Tips: Training a Custom Model

  • Start with a few-shot prompt. Don't jump right into training a model. The playground exists for a reason, so try out different prompt structures to see what works best for you. Found it? Use this exact structure to train your model.
  • Test the different models on the playground before choosing what to train on.
  • Model training is not a one-time affair, but an iterative process. In cases of complex tasks, we recommend training several versions on smaller parts of your dataset to root out any problems in the data (that cannot be identified by few-shots alone), as well as setting the correct hyperparameters.
  • We selected the default hyperparameters after testing several benchmarks and choosing those that gave optimal results across the board. Nevertheless, if your trained model doesn't work as expected, you may want to train another version with different hyperparameters.
  • Sometimes custom models work better when fed a few-shot prompt. Be sure to perform some calls with few-shot prompts when testing your trained model.
  • There is no guarantee that more epochs will provide a better result. From our experience, this is especially true when you want your model to generate expressive and diverse content. A relatively short training will help retain J-1’s original abilities.
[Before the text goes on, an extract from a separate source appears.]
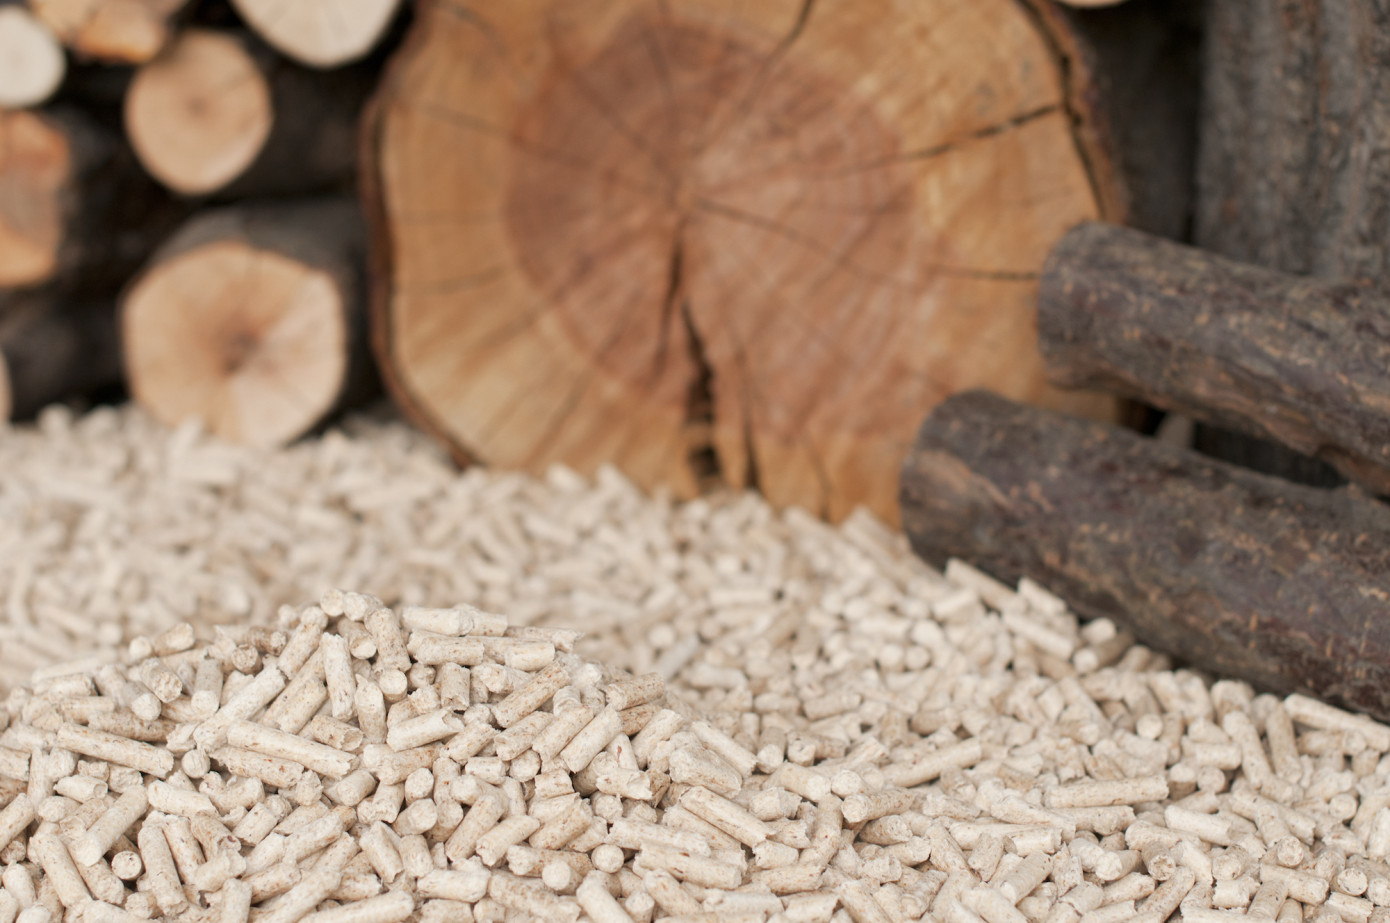 Exports of wood pellets from Vietnam to South Korea grow 27% in April

Longer training will provide a model that behaves more like the data in your dataset (for good or bad).
  • The model reflects the data, so if the data has biases, the model will learn the bias. For example, if most of your data begins with the words “I think that”, then the model will learn to give high probability for these words. This can help in debugging the model, so look at the probabilities (using alternative tokens) to understand the biases in the data.
  • For classification tasks, try to balance the data, meaning an equal number of examples for each class.